Supernatural, the only TV series I’ve been following consistently since Stargate Atlantis wrapped up years back, is concluding after 15 years on the air. I’m heartened to see the writers are doing their best to send Sam and Dean out with good stories; I had feared everything was going to fizzle as with Stargate S.G. 1, which was the longest running genre show at 10 seasons when it went out. The boys are up against God Himself this season. Talk about a Final Boss.
I can only hope the writers, cast, and crew manage to pull it off. When Supernatural is done, that’s it. That will be my series finale of contemporary series. That corner having been turned, like a lot of older people, I’ll go to YouTube and catch episodes of the old classic stuff from the 1960s, most of which were lucky to have lasted three or four seasons back in the day.

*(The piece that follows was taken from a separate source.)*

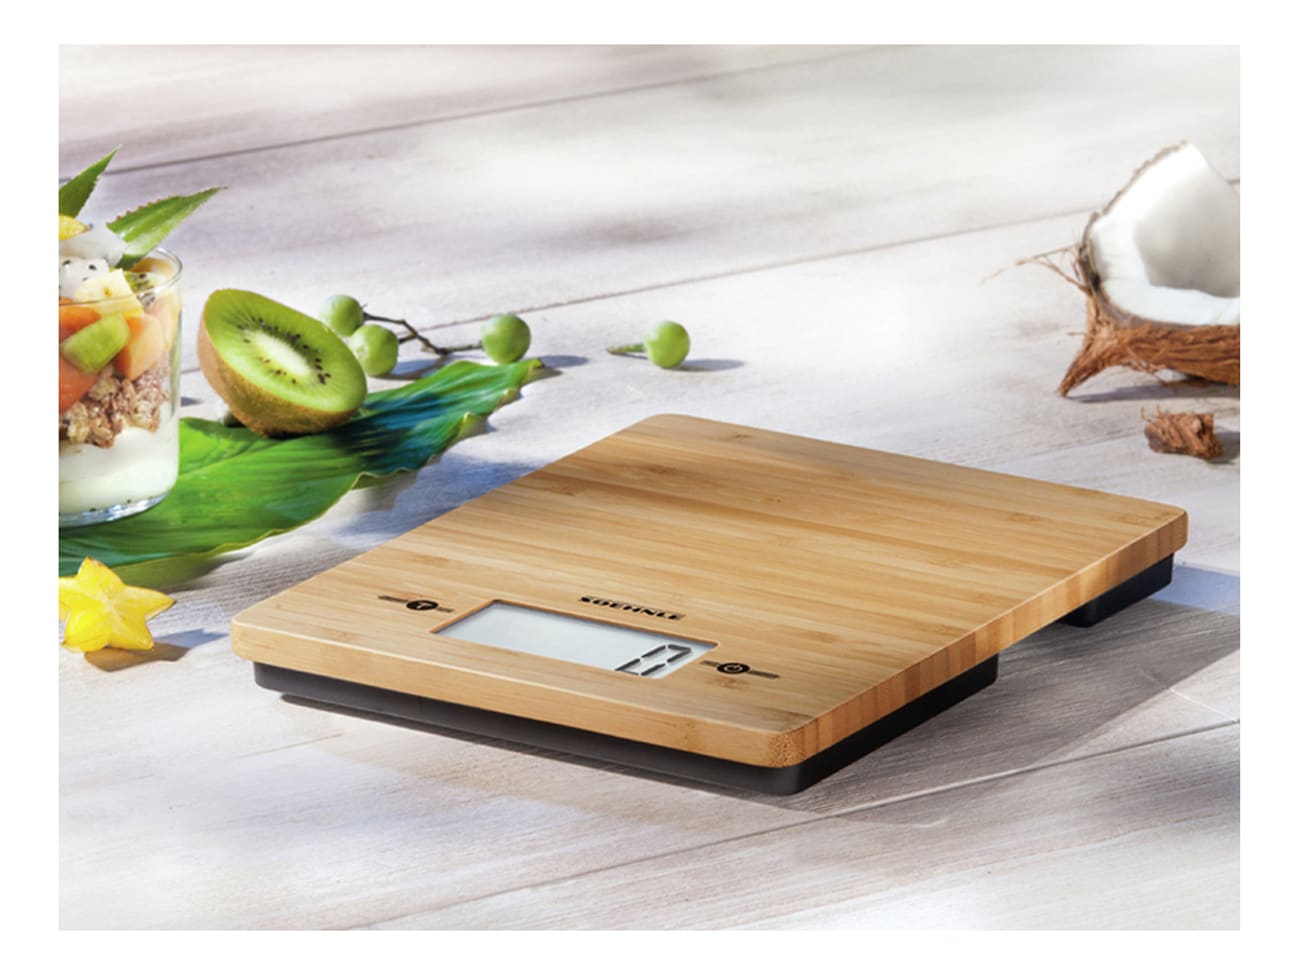 Relaxdays Balance cuisine bambou numérique, écran LCD, fonction

I’m already doing that with the black-and-white first season of The Wild Wild West. It’s nice to have something to sit down and watch with my wife. In the meantime, I raise a most fittingly cooled cup of coffee to the turning of this corner. When there were only so many channels and only so much content, we all had that much more in common. But it’s been 40 years since an entire nation wanted to find out who shot J.R., and over half a century since electric guitar sales spiked because some band from England played them on Ed Sullivan’s Sunday night variety show.
It is what it was, and the beat goes on.